Tuesday 22 May 2018


The US$100 million given to Zimbabwe by the United Kingdom reduces the demand for forex from the Reserve Bank of Zimbabwe by private firms and the savings will go a long way in easing cash shortages, Presidential Press Secretary Mr George Charamba said yesterday.

Mr Charamba said there was a direct link between the improvement of the cash supply situation in the country and the loan given by CDC, UK’s development finance institution.

He said the gesture was an endorsement of policies and measures being implemented by President Mnangagwa’s administration to transform the economy.

“The CDC has extended a $100 million facility to Zimbabwe and we are truly grateful for the facility not just in terms of its monetary value but also in terms of its symbolic value,” Mr Charamba said.

“This is the first ever facility we have, as Zimbabwe, received from the United Kingdom in a very long time and to us it suggests a thawing of relations and readiness on the part of the UK Government not just to reengage but also to support the economy under the new dispensation.
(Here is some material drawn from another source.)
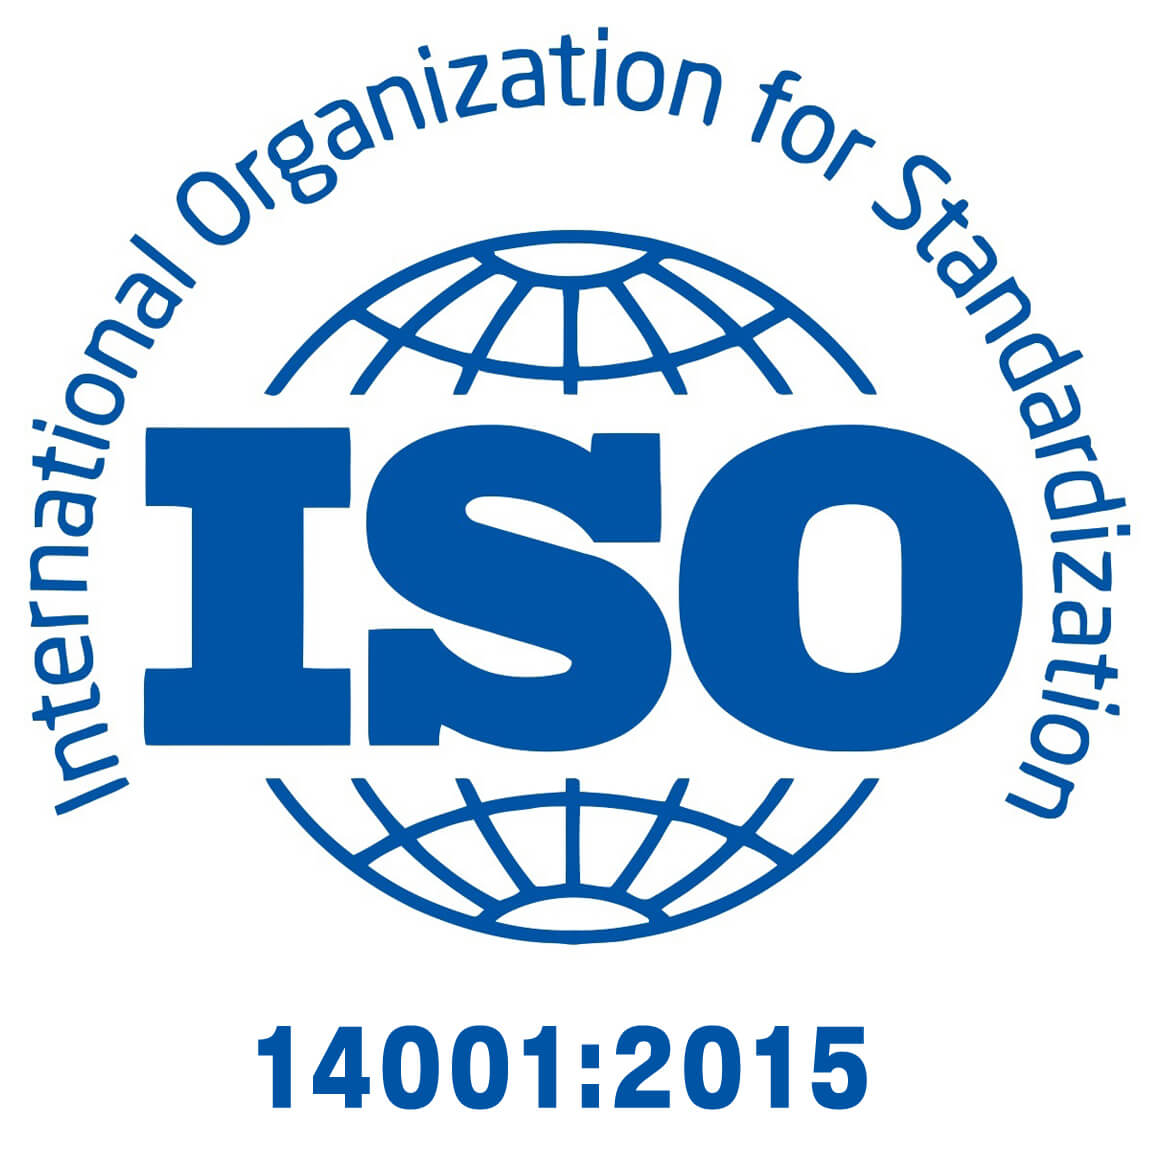 ĐÀO TẠO NHẬN THỨC CHUNG VỀ HỆ THỐNG QUẢN LÝ MÔI TRƯỜNG THEO TCVN ISO 14001:2015
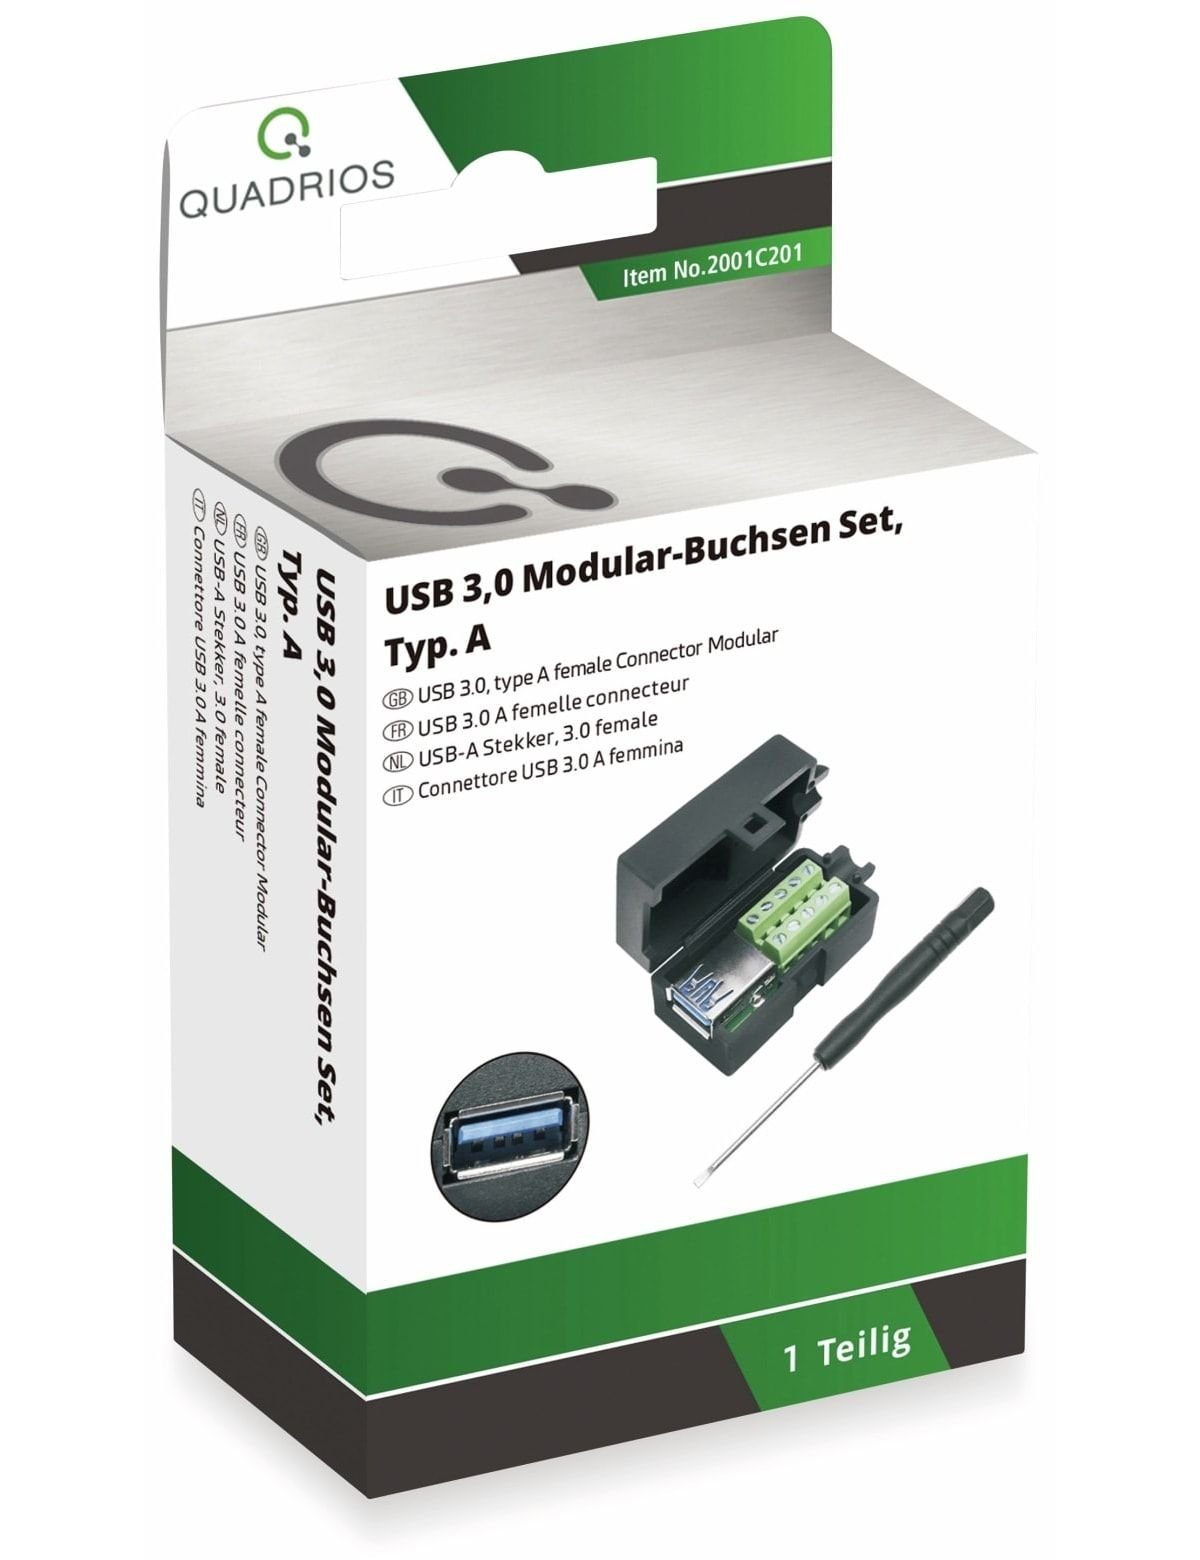 - 3.0 2001C201, QUADRIOS, USB Klemmen USB-Modular-Set, Quadrios

“Without minimising this gesture of goodwill, we ascribe the decision by the UK government to the new policy direction which the new administration has announced both by way of the economic thrust as well as the foreign policy thrust.”

Mr Charamba’s comments follow failure by  the private media to comprehend the line of credit with the Newsday incorrectly saying President Mnangagwa erred by linking the cash supply situation to the loan.

President Mnangagwa, Mr Charamba said, was “well” aware that the UK facility was meant to support the business community.
“He is equally aware that such a facility to the business community has the positive effect of lessening demand on the Reserve Bank of Zimbabwe to support the retooling exercise as well as purchase of raw materials by the private sector,” he said.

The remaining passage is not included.